On 19/11/2003 01:49, Pim Blokland wrote:
In the online 4.0 book, chapter 15
http://www.unicode.org/versions/Unicode4.0.0/ch15.pdf
the definition for Word Joiner says:
Until Unicode 3.1.1, U+FEFF was the only code point with word
joining semantics, but because it is more commonly used as
byte order mark, the use of U+2060 [word joiner] to indicate
word joining is strongly preferred for any new text.
Perhaps this depends what is meant by "word joining semantics". I would
presume this to imply that a word boundary is not permitted at this
point, but in fact on the current definitions in UAX29
(http://www.unicode.org/reports/tr29/tr29-5.html) ZWNBS, WJ and NBSP are
all treated as word boundary characters.
However, a couple of paragraphs up, the definition for No-Break
Space says:
U+00A0 [No-Break Space] behaves like the following coded
character sequence: U+FEFF [Zero Width No-Break Space] +
U+0020 [Space] + U+FEFF [Zero Width No-Break Space].

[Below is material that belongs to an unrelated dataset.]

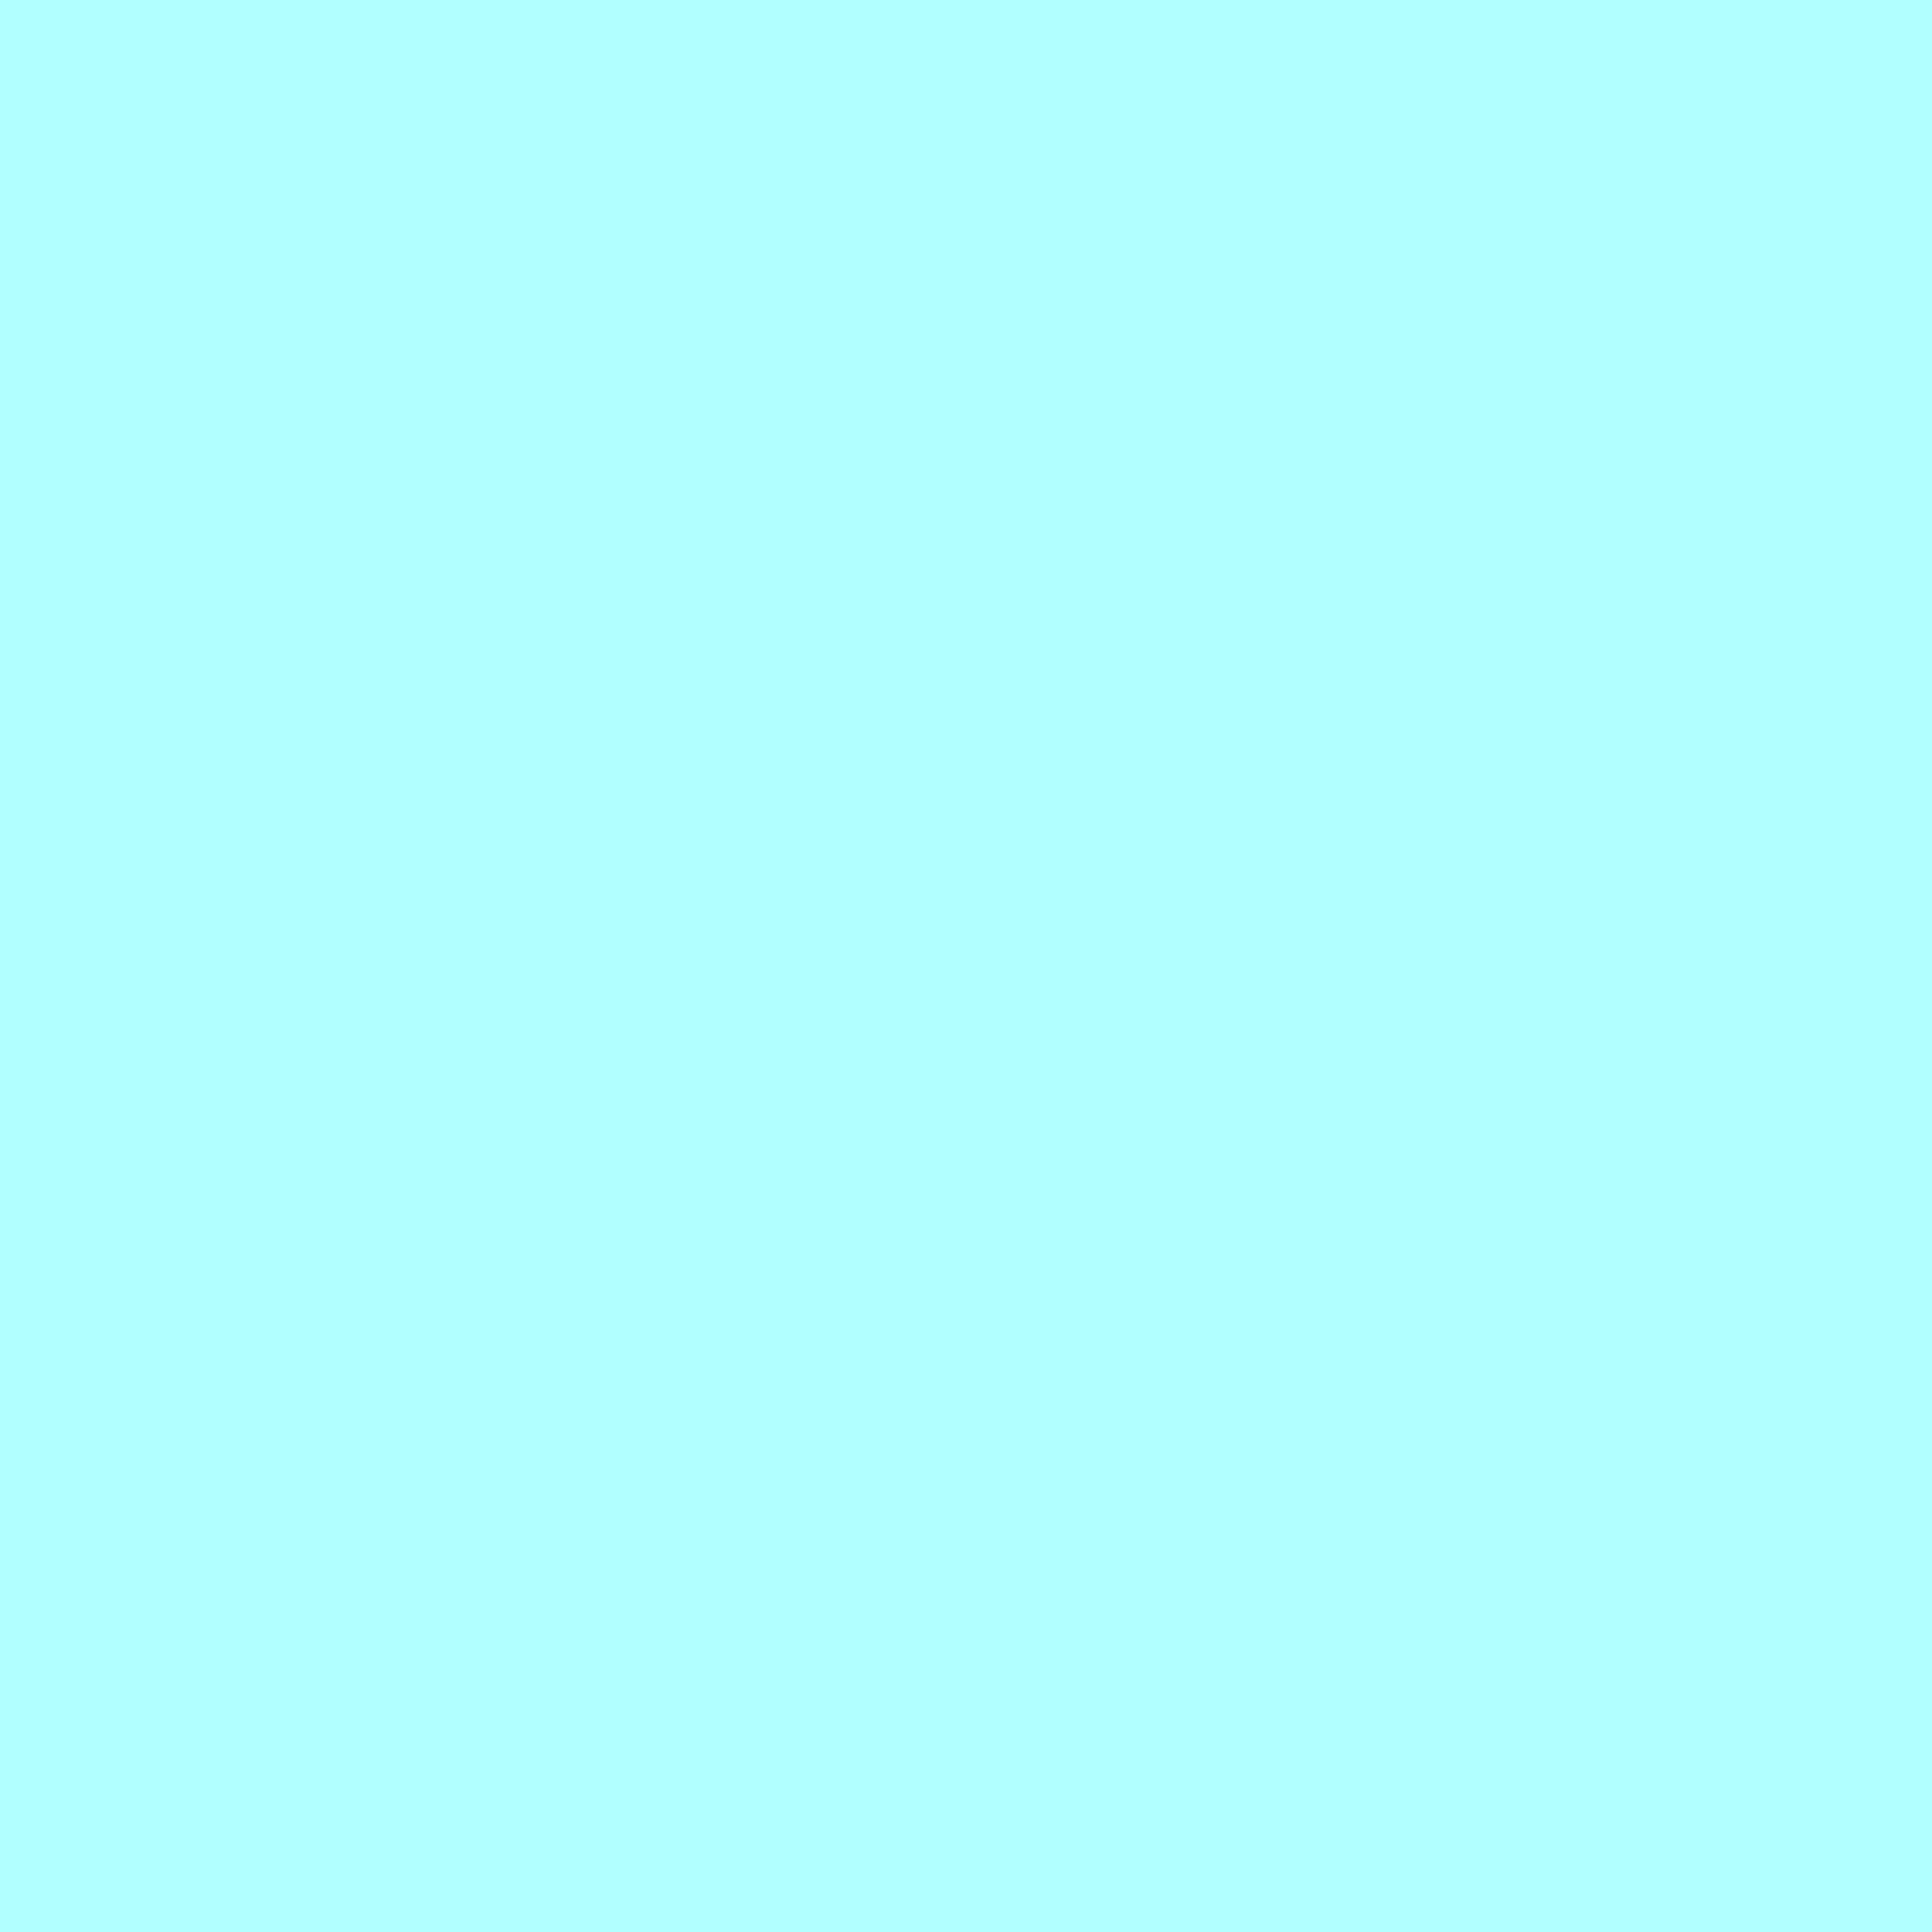 2048x2048 Celeste Solid Color Background

Is this something that has slipped by the editors? Or am I missing
something?
Pim Blokland
Does this equivalence hold when combining characters are applied to the
NBSP? Is the sequence <NBSP, CC> (recommended for spacing diacritics,
where CC is any sequence of combining characters) equivalent to <ZWNBS,
SP, ZWNBS, CC>? Or should the equivalence be to <ZWNBS, SP, CC, ZWNBS>?
Is it legal to combine combining characters with ZWNBS, or WJ, and how
should this be rendered?
--
Peter Kirk
[EMAIL PROTECTED] (personal)
[EMAIL PROTECTED] (work)
http://www.qaya.org/